Work to be completed:
Provide again, from the entries below, every line from the one containing "Двукратный олимпийский чемпион" through the one containing "Black Lion 4k Wallpapers", exactly as written, and no other line.

*** Opening Data extracts ***

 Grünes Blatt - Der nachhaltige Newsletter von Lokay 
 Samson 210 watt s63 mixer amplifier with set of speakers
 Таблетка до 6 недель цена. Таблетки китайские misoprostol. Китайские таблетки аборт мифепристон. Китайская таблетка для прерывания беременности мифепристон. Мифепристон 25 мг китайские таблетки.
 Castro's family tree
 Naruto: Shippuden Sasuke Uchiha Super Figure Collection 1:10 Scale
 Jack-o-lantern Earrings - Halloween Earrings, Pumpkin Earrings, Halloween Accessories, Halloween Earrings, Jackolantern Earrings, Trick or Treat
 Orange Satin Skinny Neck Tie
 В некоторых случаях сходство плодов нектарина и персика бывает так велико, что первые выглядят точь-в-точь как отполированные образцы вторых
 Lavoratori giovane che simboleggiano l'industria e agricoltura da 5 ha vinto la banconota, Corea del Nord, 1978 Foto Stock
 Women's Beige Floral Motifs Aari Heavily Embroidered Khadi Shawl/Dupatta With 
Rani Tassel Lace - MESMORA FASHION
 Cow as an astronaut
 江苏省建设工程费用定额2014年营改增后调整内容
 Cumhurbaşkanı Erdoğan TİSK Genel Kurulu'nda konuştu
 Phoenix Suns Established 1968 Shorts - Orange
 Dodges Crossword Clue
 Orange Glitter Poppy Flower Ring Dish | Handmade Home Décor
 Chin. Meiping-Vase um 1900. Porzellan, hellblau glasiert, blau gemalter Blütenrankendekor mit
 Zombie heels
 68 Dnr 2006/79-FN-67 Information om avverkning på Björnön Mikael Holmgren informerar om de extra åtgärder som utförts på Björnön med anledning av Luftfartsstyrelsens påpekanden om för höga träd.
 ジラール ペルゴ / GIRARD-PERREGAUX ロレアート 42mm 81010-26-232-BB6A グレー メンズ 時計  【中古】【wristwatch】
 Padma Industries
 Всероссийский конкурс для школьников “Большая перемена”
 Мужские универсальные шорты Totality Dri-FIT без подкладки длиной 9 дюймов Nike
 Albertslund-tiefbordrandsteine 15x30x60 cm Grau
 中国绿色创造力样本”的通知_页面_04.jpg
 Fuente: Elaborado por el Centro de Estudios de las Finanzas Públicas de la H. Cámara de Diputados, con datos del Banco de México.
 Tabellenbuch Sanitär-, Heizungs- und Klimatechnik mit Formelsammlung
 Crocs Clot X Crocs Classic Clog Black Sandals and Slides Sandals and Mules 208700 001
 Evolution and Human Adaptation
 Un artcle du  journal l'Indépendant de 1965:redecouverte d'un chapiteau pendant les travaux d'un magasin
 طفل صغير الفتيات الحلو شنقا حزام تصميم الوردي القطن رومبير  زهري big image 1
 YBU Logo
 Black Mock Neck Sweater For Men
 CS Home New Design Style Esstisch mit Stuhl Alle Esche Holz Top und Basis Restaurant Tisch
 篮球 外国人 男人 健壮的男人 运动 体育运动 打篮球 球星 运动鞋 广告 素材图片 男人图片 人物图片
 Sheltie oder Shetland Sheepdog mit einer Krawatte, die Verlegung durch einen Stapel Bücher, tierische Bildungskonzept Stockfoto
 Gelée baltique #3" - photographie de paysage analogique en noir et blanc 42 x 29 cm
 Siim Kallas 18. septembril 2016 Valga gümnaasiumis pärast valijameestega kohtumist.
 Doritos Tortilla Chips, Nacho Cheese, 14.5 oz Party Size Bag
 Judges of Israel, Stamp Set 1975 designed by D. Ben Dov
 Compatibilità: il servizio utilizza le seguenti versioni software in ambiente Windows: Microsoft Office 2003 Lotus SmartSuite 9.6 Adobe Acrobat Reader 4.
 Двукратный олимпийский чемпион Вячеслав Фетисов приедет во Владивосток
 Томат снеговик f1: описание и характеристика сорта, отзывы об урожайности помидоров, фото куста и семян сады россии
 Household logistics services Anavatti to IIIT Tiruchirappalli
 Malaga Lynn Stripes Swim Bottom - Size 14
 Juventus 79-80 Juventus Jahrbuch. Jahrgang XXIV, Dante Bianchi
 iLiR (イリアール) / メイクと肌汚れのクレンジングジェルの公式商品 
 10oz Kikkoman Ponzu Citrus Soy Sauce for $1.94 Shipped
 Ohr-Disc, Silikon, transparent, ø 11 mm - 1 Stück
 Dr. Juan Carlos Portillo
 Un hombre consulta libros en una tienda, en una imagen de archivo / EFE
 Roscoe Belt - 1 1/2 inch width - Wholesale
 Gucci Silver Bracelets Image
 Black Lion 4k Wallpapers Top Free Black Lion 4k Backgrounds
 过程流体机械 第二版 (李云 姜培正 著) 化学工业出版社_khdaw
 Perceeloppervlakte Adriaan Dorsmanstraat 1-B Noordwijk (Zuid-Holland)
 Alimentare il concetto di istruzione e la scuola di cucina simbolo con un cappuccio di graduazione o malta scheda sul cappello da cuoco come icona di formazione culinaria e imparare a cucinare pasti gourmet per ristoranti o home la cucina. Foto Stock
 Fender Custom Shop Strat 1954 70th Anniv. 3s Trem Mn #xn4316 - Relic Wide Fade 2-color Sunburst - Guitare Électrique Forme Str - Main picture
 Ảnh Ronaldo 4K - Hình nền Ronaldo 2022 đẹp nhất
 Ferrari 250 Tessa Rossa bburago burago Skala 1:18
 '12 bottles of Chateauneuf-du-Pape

*** Closing Data extracts ***

Response for this exercise:
 Двукратный олимпийский чемпион Вячеслав Фетисов приедет во Владивосток
 Томат снеговик f1: описание и характеристика сорта, отзывы об урожайности помидоров, фото куста и семян сады россии
 Household logistics services Anavatti to IIIT Tiruchirappalli
 Malaga Lynn Stripes Swim Bottom - Size 14
 Juventus 79-80 Juventus Jahrbuch. Jahrgang XXIV, Dante Bianchi
 iLiR (イリアール) / メイクと肌汚れのクレンジングジェルの公式商品 
 10oz Kikkoman Ponzu Citrus Soy Sauce for $1.94 Shipped
 Ohr-Disc, Silikon, transparent, ø 11 mm - 1 Stück
 Dr. Juan Carlos Portillo
 Un hombre consulta libros en una tienda, en una imagen de archivo / EFE
 Roscoe Belt - 1 1/2 inch width - Wholesale
 Gucci Silver Bracelets Image
 Black Lion 4k Wallpapers Top Free Black Lion 4k Backgrounds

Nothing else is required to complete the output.